=== SUPPLIED INFORMATION ===

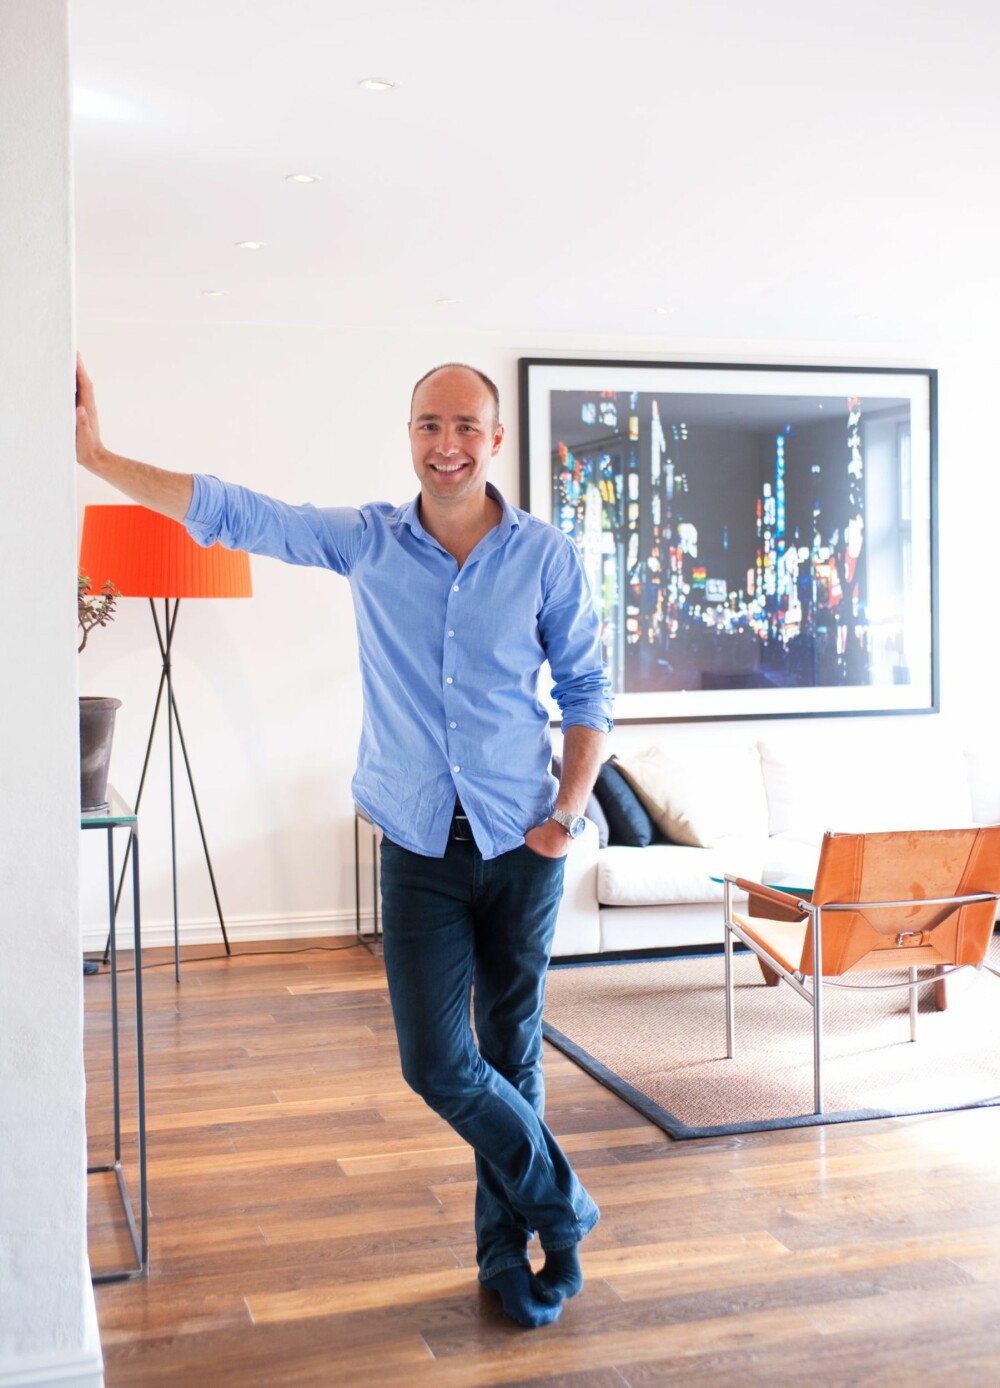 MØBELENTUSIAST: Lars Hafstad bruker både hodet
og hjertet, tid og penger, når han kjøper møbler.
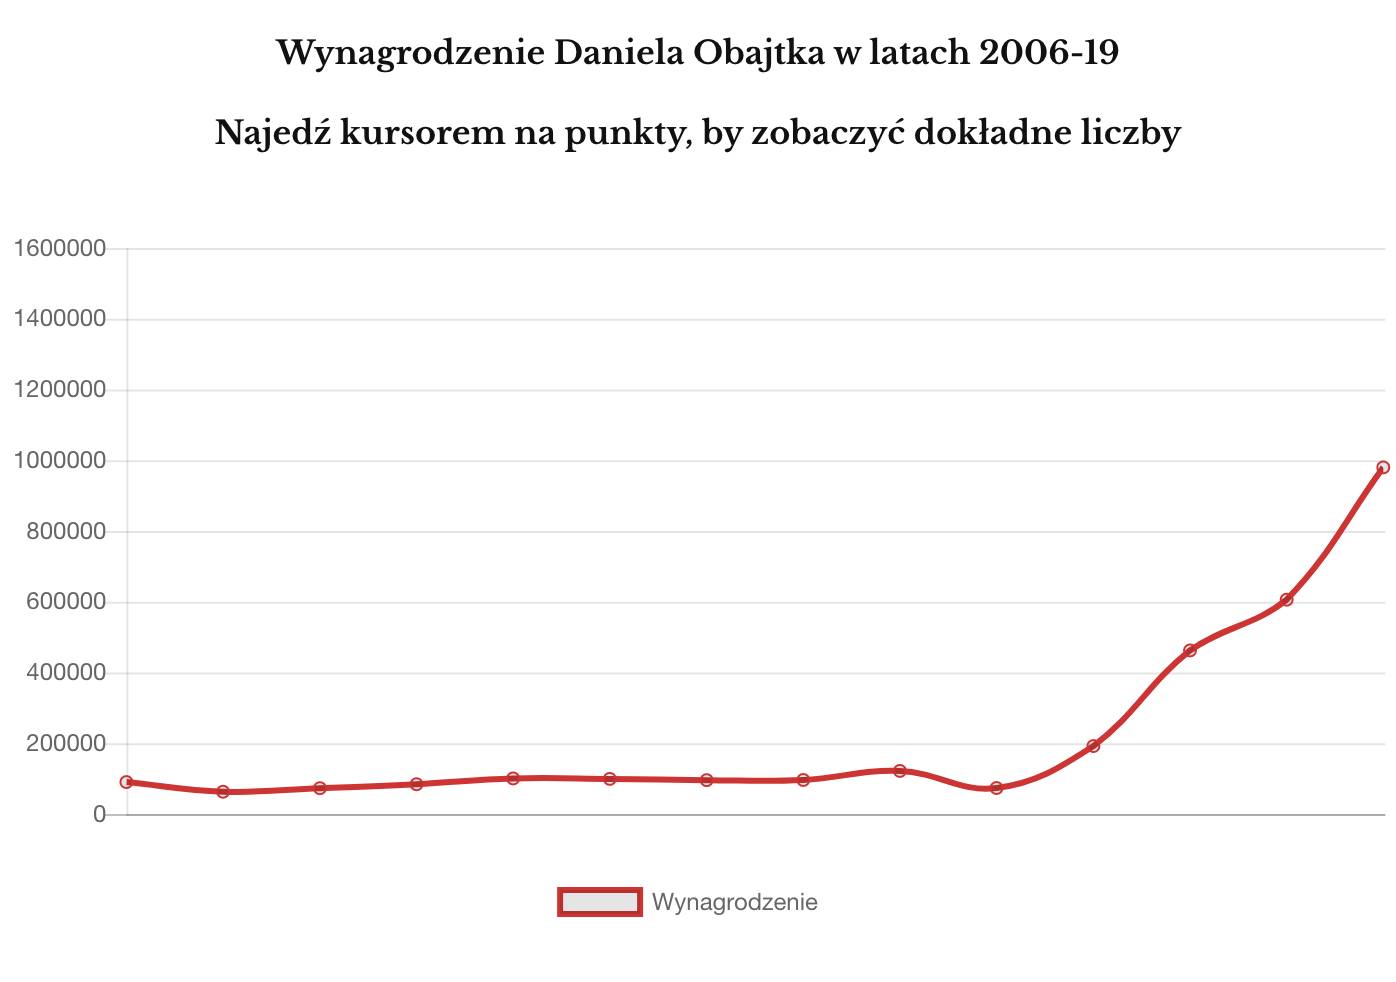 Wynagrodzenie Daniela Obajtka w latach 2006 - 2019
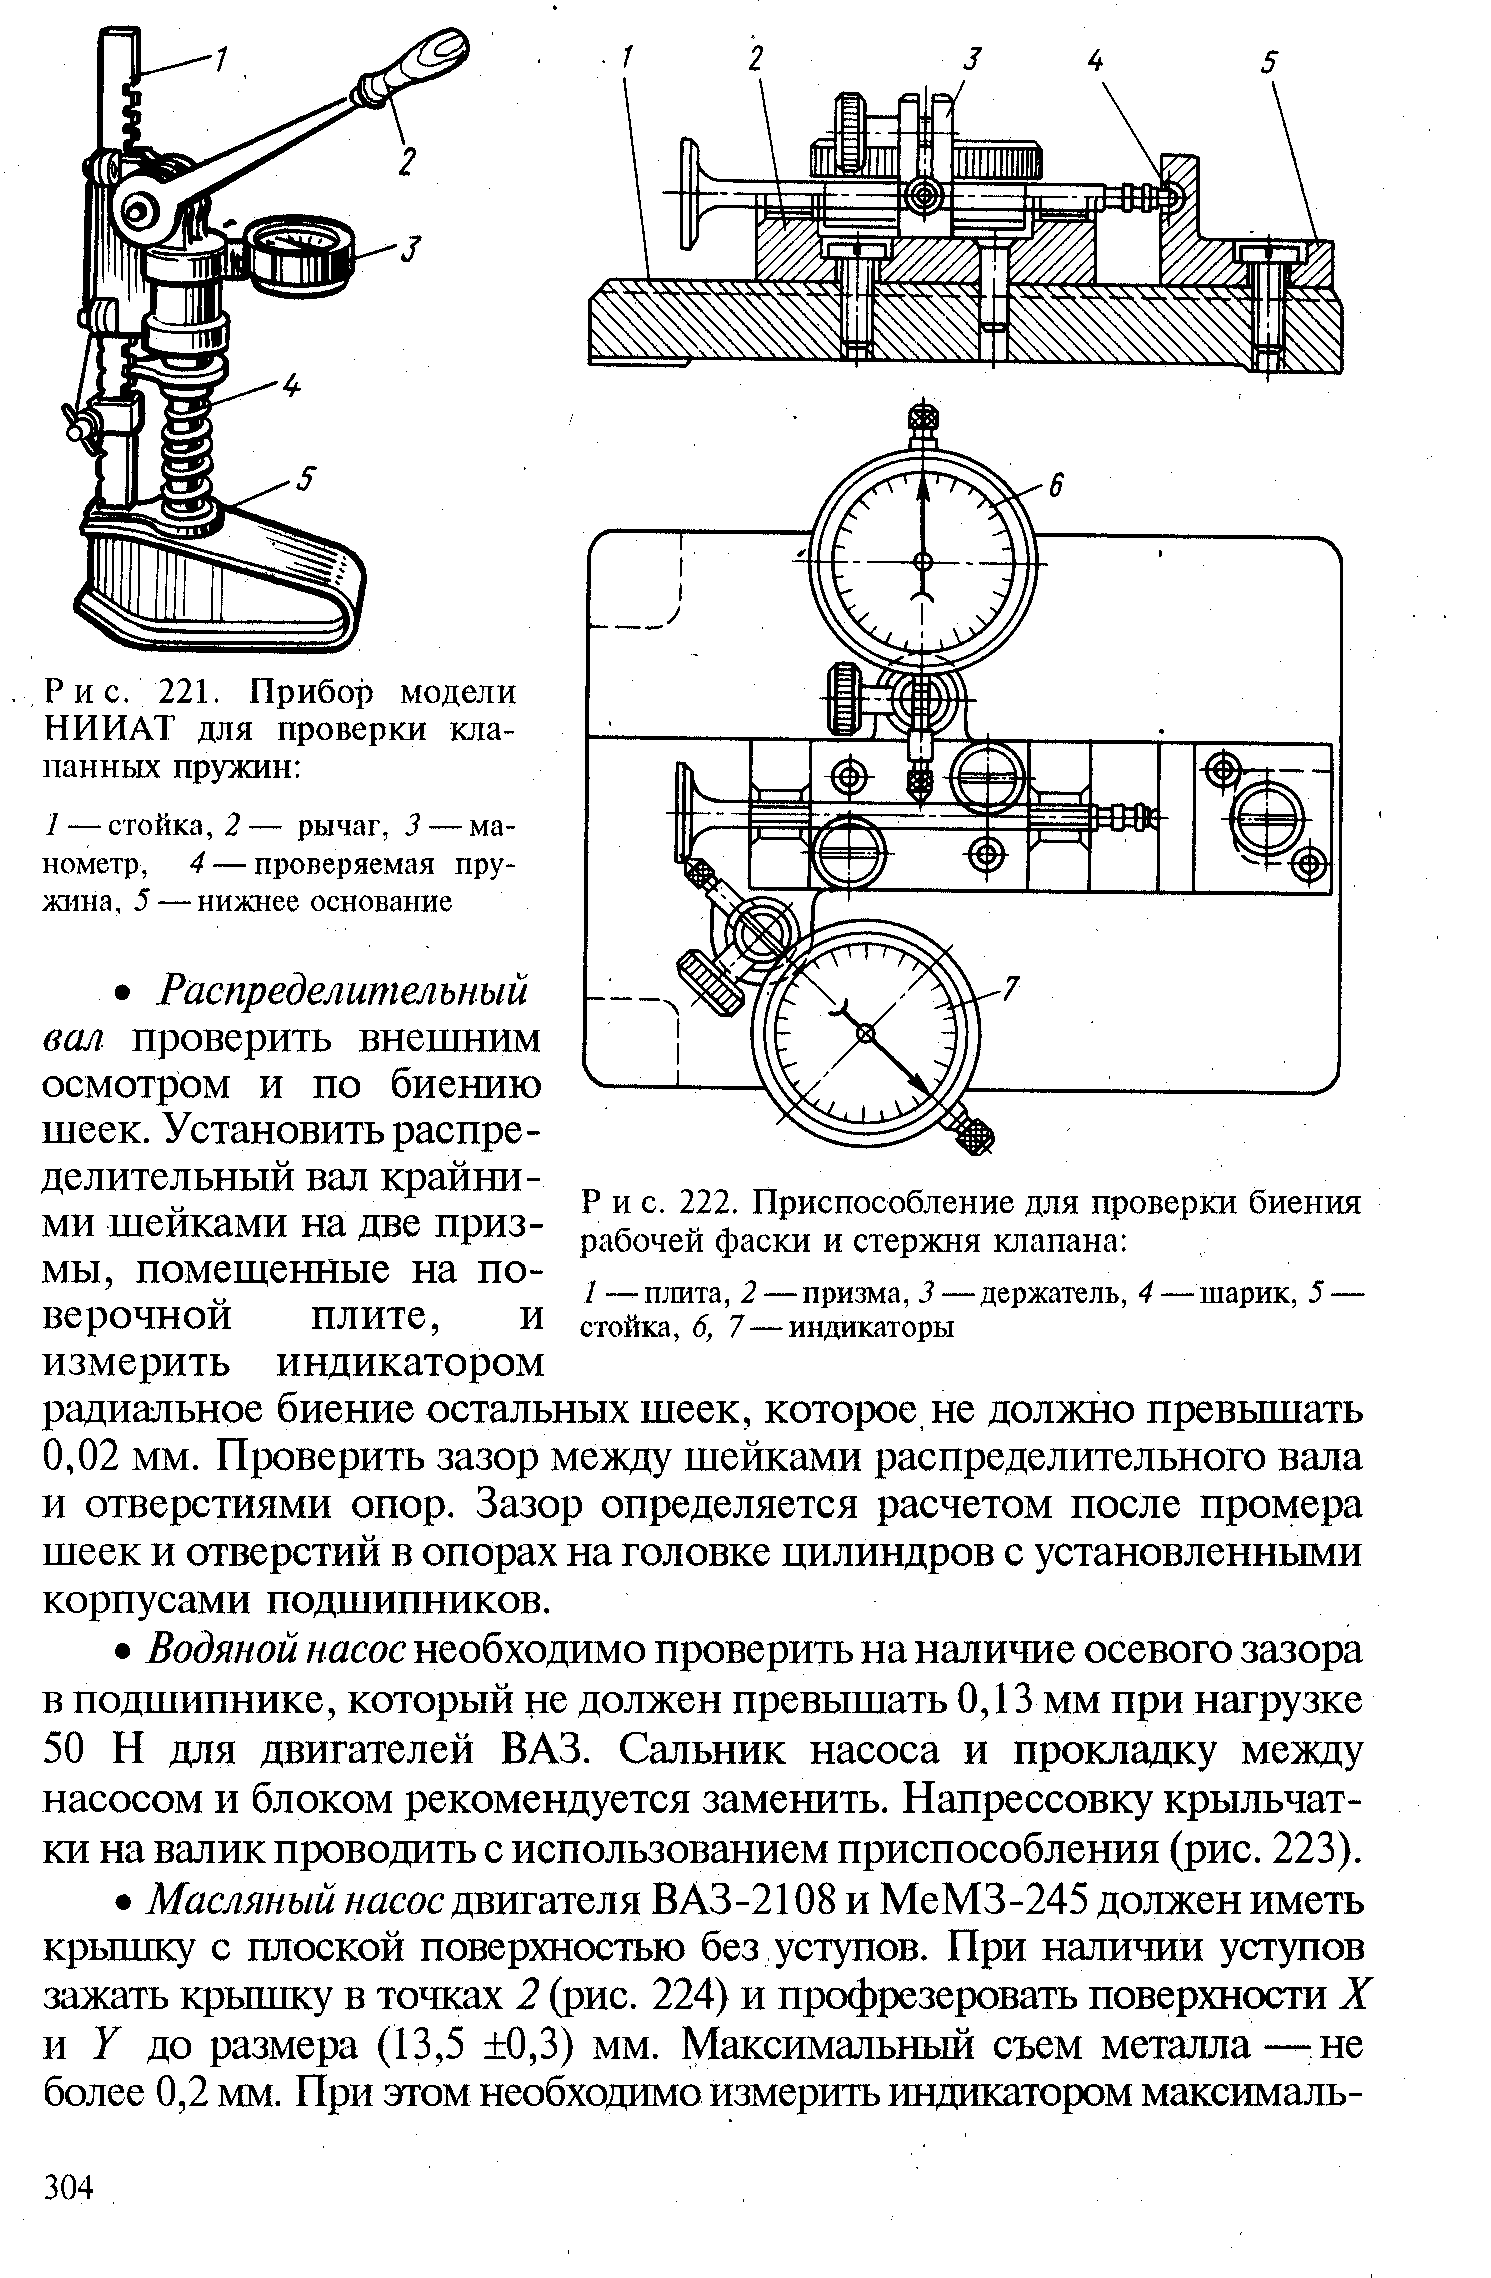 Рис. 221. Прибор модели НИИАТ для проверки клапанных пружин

===

## AIM OF THE EXERCISE:
Give back word for word the lines from the one containing "og hjertet, tid" through the final line of the data above. Pictures are to be left out.

## EXERCISE OUTPUT:
og hjertet, tid og penger, når han kjøper møbler.
 Wynagrodzenie Daniela Obajtka w latach 2006 - 2019
 Рис. 221. Прибор модели НИИАТ для проверки клапанных пружин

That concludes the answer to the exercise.